Frente aos objetivos do PL 2630/20, o texto proposto para lidar com as demandas voltadas à remuneração de direitos autorais e conexos nos serviços digitais carece de discussões aprofundadas. Trazer a discussão sobre a remuneração da comunidade criativa para a seara dos direitos autorais, dentro de um diploma legal que visa solucionar o problema das fake news pode ser insuficiente e ainda deixar lacunas para lidar com uma pauta de tamanha complexidade.

Em meio a essas discussões, vale mencionar que a demanda por outro modelo de remuneração não é isolada no cenário brasileiro. Com uma abordagem diferente, sem buscar solução na via legislativa, no dia 2 de maio de 2023, o sindicato dos roteiristas americanos – WAG (Writers Guild of America) anunciou que o setor entrou em greve6, sendo uma de suas principais demandas aquela relacionada às compensações financeiras das plataformas de streaming.

_____________

1: https://www.camara.leg.br/noticias/694223-audiovisual-critica-atuacao-da-ancine-e-demora-do-governo-em-liberar-verbas-para-o-setor/ e https://www.nonada.com.br/2022/10/desmonte-da-ancine-coloca-em-risco-financiamento-publico-do-cinema-brasileiro/. Acessos em 03/05/2023.

2: https://www.brasildefato.com.br/2019/05/24/impasse-entre-tcu-e-ancine-paralisa-concessao-de-novos-incentivos-a-setor-audiovisual e https://www1.folha.uol.com.br/ilustrada/2019/03/tcu-manda-ancine-suspender-verbas-publicas-para-o-audiovisual.shtml. Acessos em 03/05/2023.

3: O artigo 13 da Lei nº 6.533/1978, veda a cessão ou promessa de cessão de direitos autorais e conexos decorrentes da prestação de serviços profissionais, prevendo em seu parágrafo único que os direitos autorais e conexos dos profissionais serão devidos em decorrência de cada exibição da obra. Apesar de a LDA permitir expressamente a cessão de direitos autorais, o Judiciário vem reconhecendo a proibição da cessão dos direitos conexos, vez que a LDA não dispõe expressamente sobre a possibilidade de cessão destes direitos, além de ter reconhecido expressamente, nas suas disposições transitórias, por meio do artigo 115, a vigência da referida Lei nº 6.533/1978.

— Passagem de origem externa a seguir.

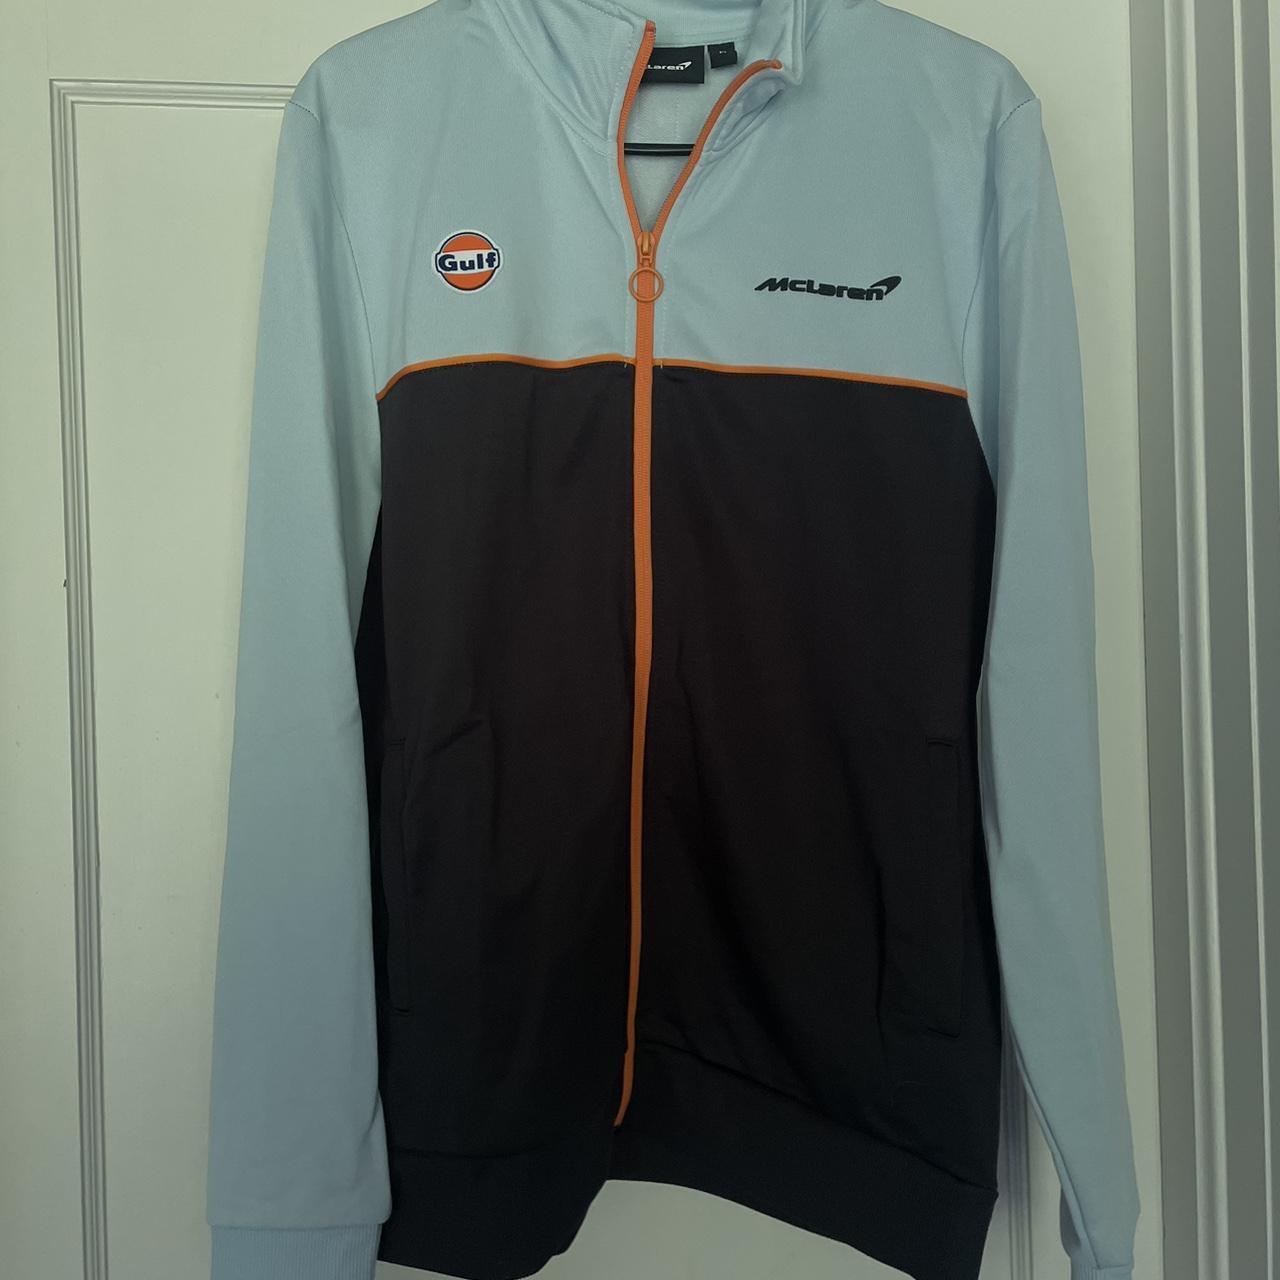 McLaren Limited edition Gulf jacket! Men’s medium,... - Depop
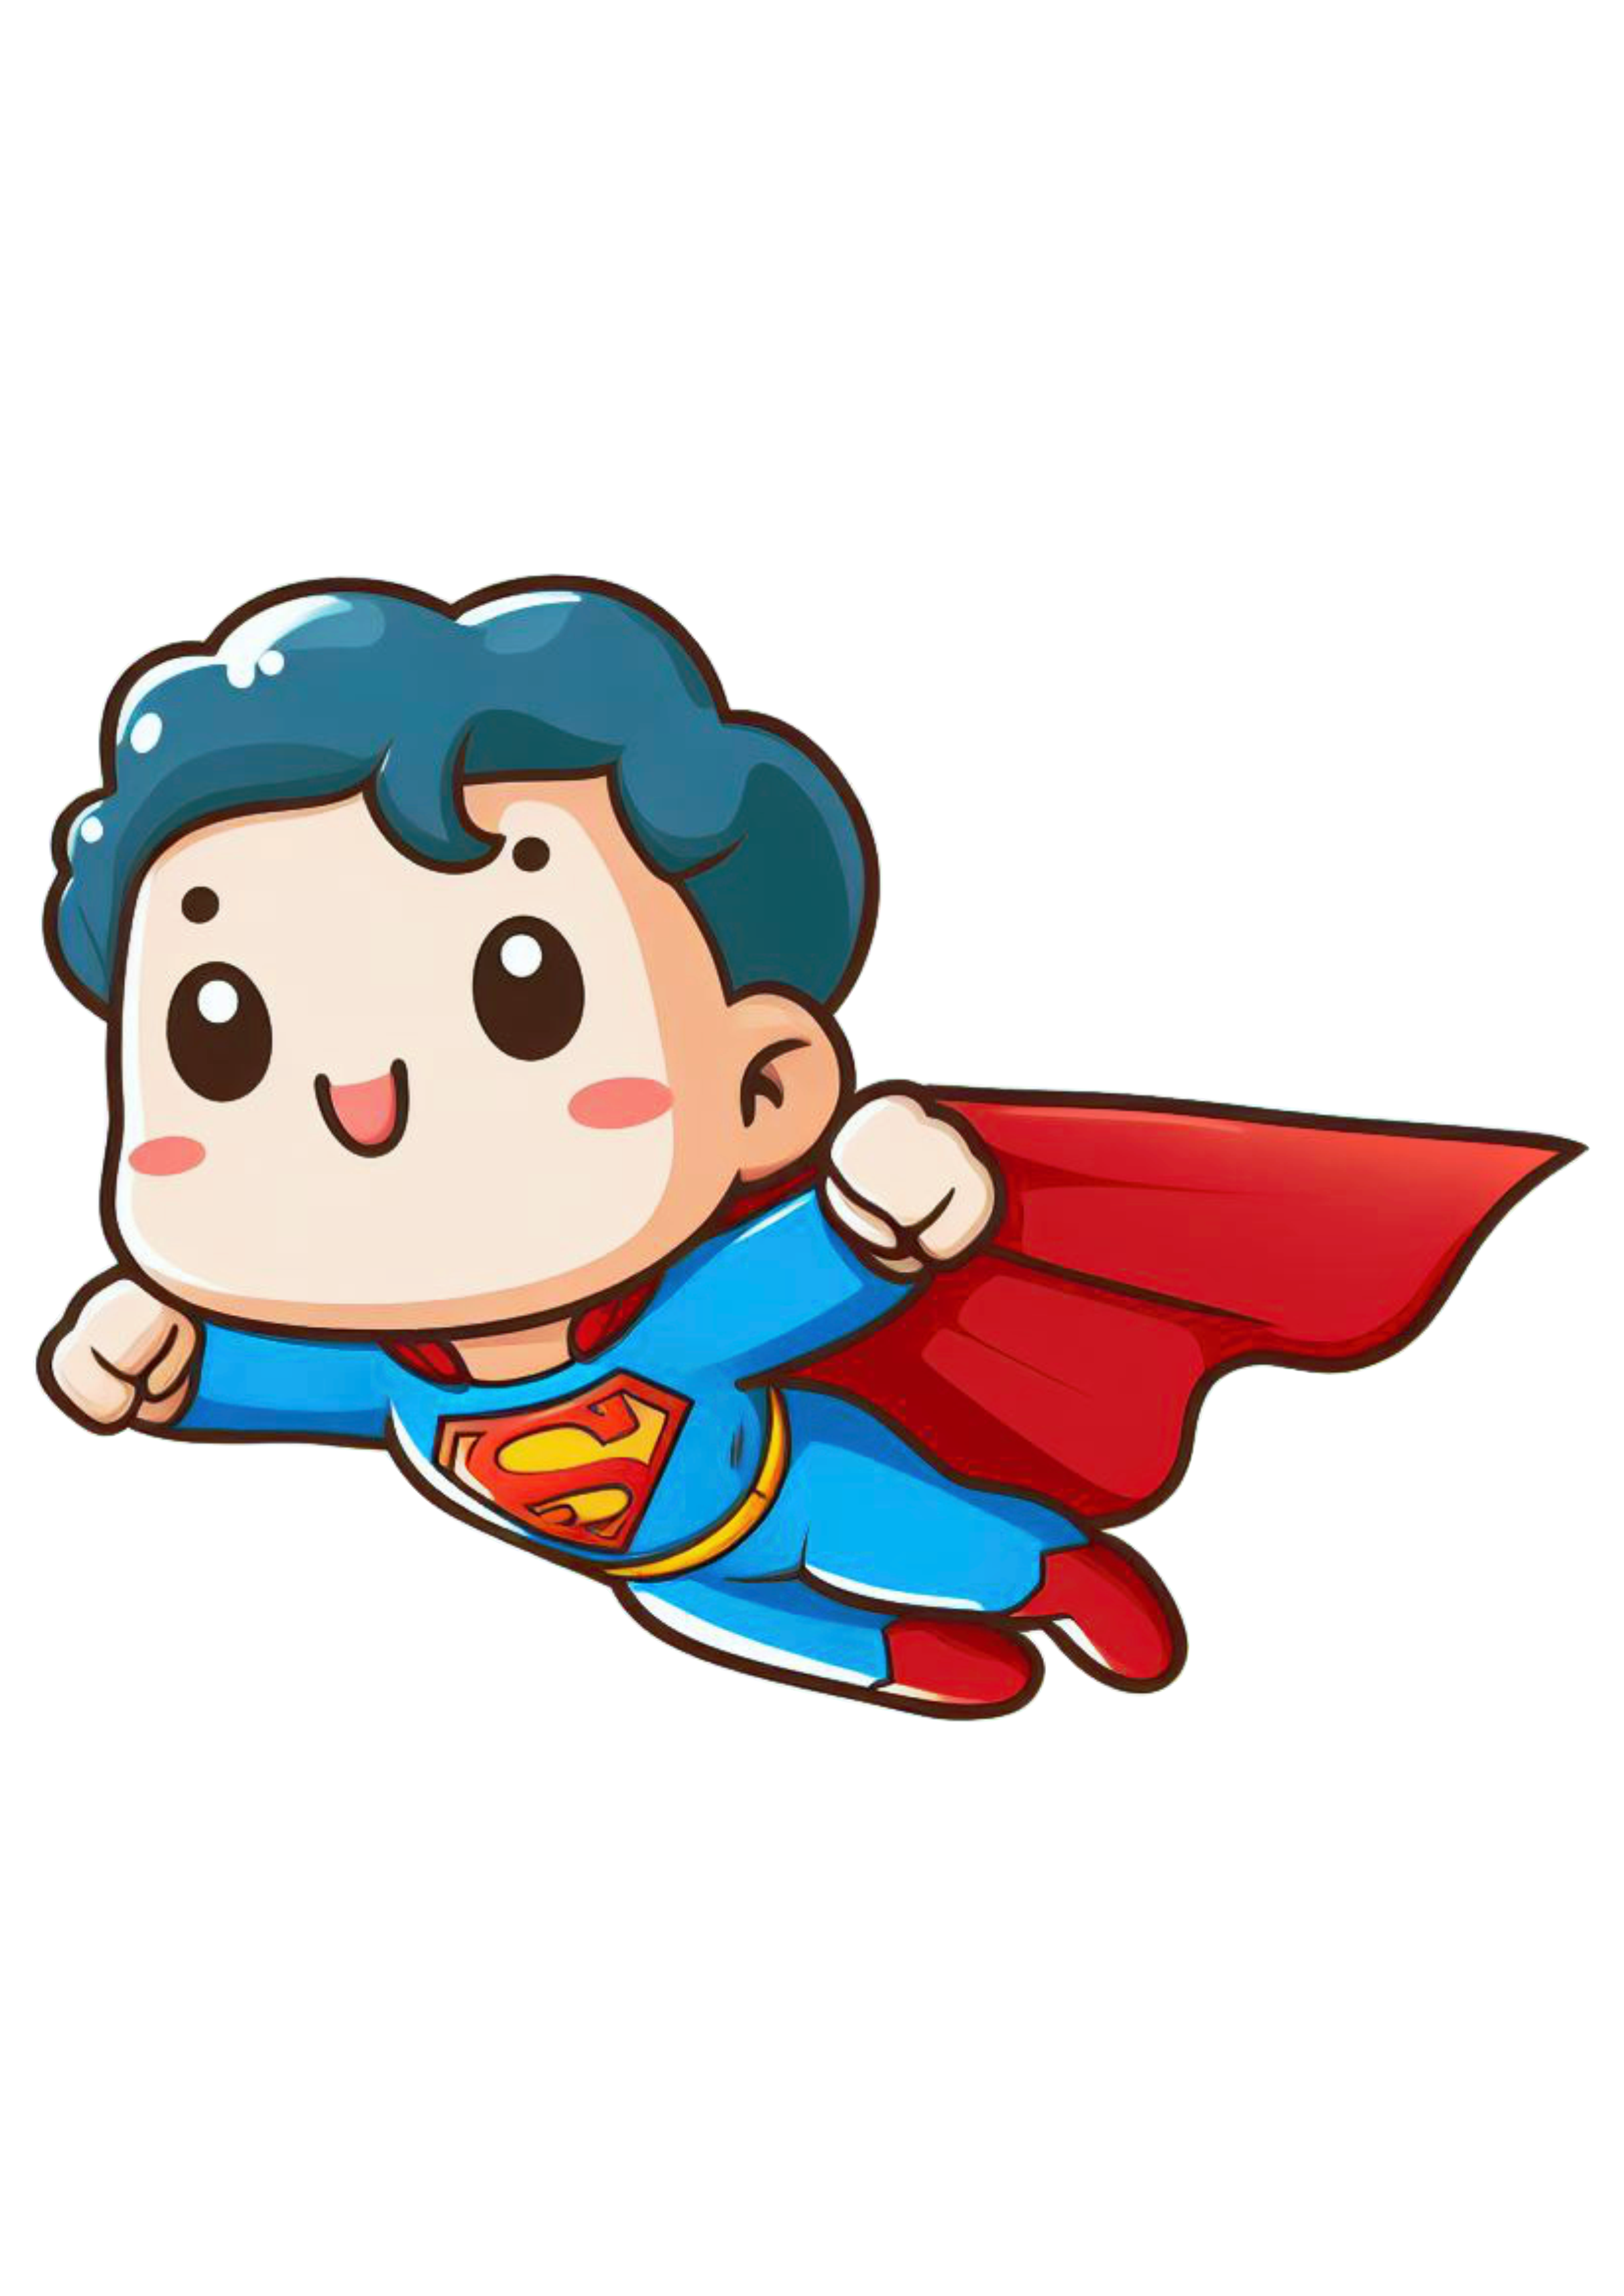 Super homem voando chibi fofinho cute superman heroi fantasia dc universe ilustração desenho simples png

4: Os direitos de autor poderão ser total ou parcialmente transferidos a terceiros, por ele ou por seus sucessores, a título universal ou singular, pessoalmente ou por meio de representantes com poderes especiais, por meio de licenciamento, concessão, cessão ou por outros meios admitidos em Direito, obedecidas as seguintes limitações:

I - a transmissão total compreende todos os direitos de autor, salvo os de natureza moral e os expressamente excluídos por lei;

II - somente se admitirá transmissão total e definitiva dos direitos mediante estipulação contratual escrita;

5: Disponível em: https://www.jota.info/executivo/minc-propoe-regulacao-do-streaming-e-mudancas-na-lei-de-direitos-autorais-no-pl-2630-17042023. Acesso em 02/05/2023.

6: Disponível em https://www.hollywoodreporter.com/business/business-news/wga-writers-strike-moves-forward-contract-negotiations-1235404087/. Acesso em 03/05/2023.

Laetitia d'Hanens
Sócia do escritório Gusmão & Labrunie - Propriedade Intelectual.

Gabriela Lima Silva
Sócia do escritório Gusmão & Labrunie - Propriedade Intelectual.